Gaji Minim, Disdikpora Stop Penerimaan GTT

175

SALATIGA-Dinas Pendidikan, Pemuda dan Olahraga (Disdikpora) Kota Salatiga berusaha menghentikan penerimaan guru tidak tetap (GTT). Dengan mengeluarkan surat edaran ke sekolah-sekolah SD dan SMP.

Dalam surat yang ditandatangai oleh Kepala Disdikpora, Dra Niken Lidiastuti tersebut, disebutkan selain untuk efisiensi, penghentian penerimaan GTT tersebut agar tidak membebani APBD. Namun ketika hal tersebut dikonfirmasikan ke Kadispora, yang bersangkutan tidak ada di kantor. Saat dikonfirmasi via SMS, Niken tidak menjawab.

Sementara, Ketua Komisi A DPRD Salatiga, Dance Ishak Palit mengatakan, turunnya surat edaran tersebut, setelah pihak Diknas melakukan dengar pendapat dengan komisi A.

Sedangkan dari data yang ada, jumlah GTT SD dan SMP di Salatigadi luar PAUD, sebanyak 1900 orang. Jumlah itu dinilai terlalu banyak. Selain itu, kesejahteraan (gaji) mereka juga sangat rendah.

”Ada yang dibayar Rp 150 ribu hingga Rp 350 per bulan bagi yang mengabdi di bawah sepuluh tahun dan Rp 900 bagi yang sudah mengabdi sepuluh tahun. Tentunya hal ini menjadi keprihatinan kami,” ujar politis PDIP ini.

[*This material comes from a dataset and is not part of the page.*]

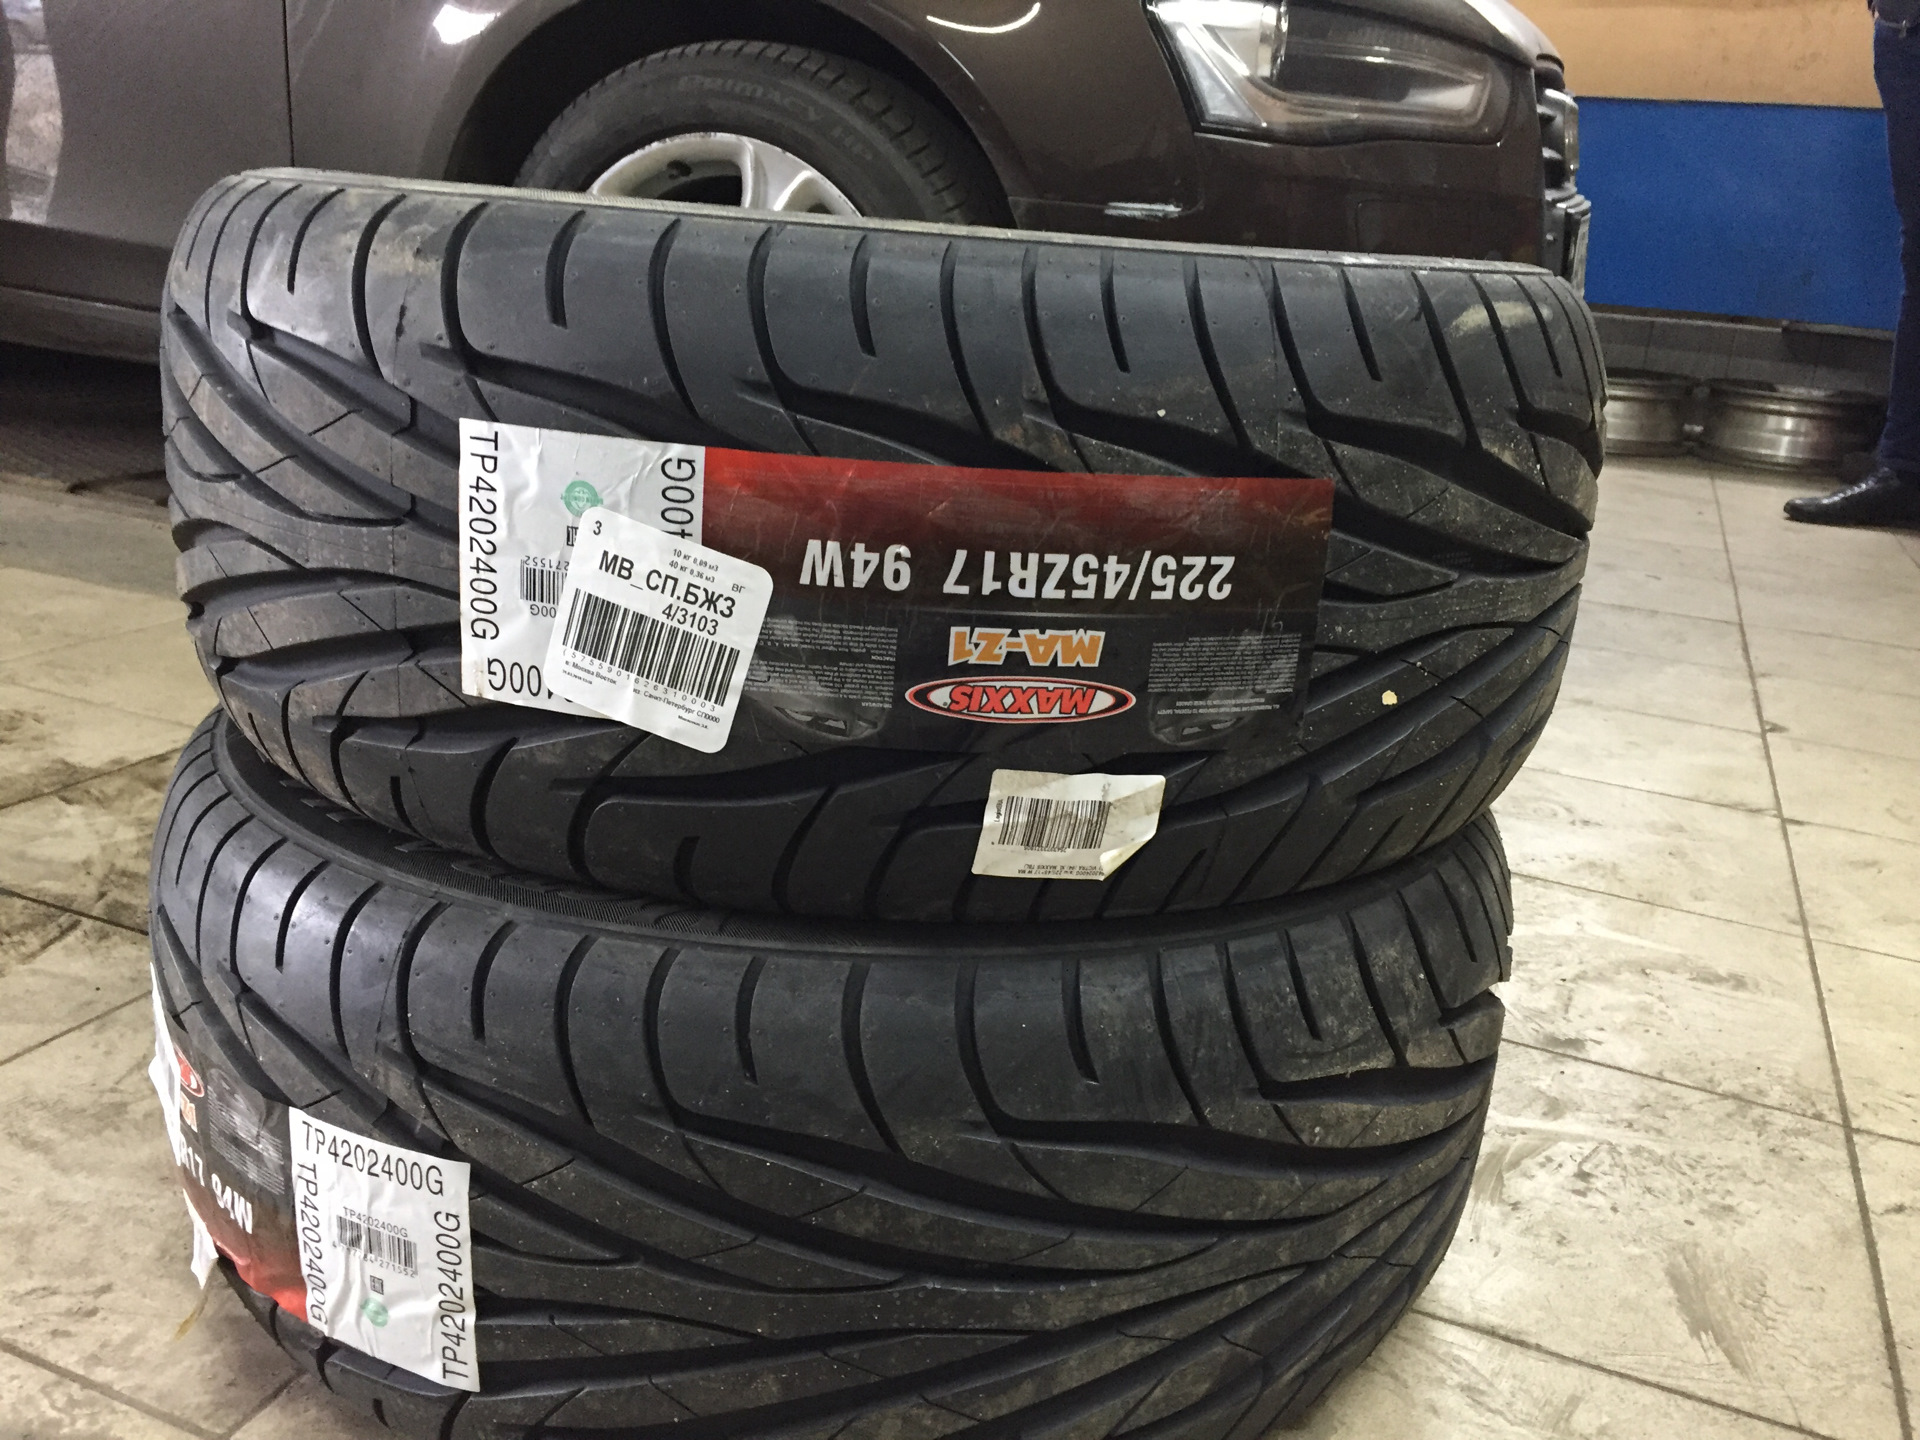 Шины максис виктра. 225/45r17 Maxxis Victra ma-z1 94w. Maxxis ma-z1 XL. 225/45r17 94w Maxxis ma-z1 Victra (XL). Maxxis ma-z1 Victra.

Dengan melihat kondisi riil itu, komisi yang membidangi pendidikan ini mengusulkan kepada Disdikpora untuk menghentikan sementara penerimaan GTT, sembari menunggu pendataan dan pemetaan. “Jadi kepala sekolah tidak main angkat GTT saja, namun harus sesuai dengan kebutuhan sekolah yang ada. Penerimaan GTT harus berdasarkan kebutuhan,” ujarnya.

Dance mencontohkan, di satu sekolahan saja bisa ada tujuh GTT. Di sisi lain, ada sekolahan yang masih kurang gurunya. “Saya contohkan, di SMPN 6, guru olahraganya cuma 2 orang, padahal harus mengampu 24 kelas (kelas 1 sampai kelas 3). Idealnya tiga guru. Nah seperti ini yang mestinya menerima GTT olah raga,” ujar politisi PDIP ini.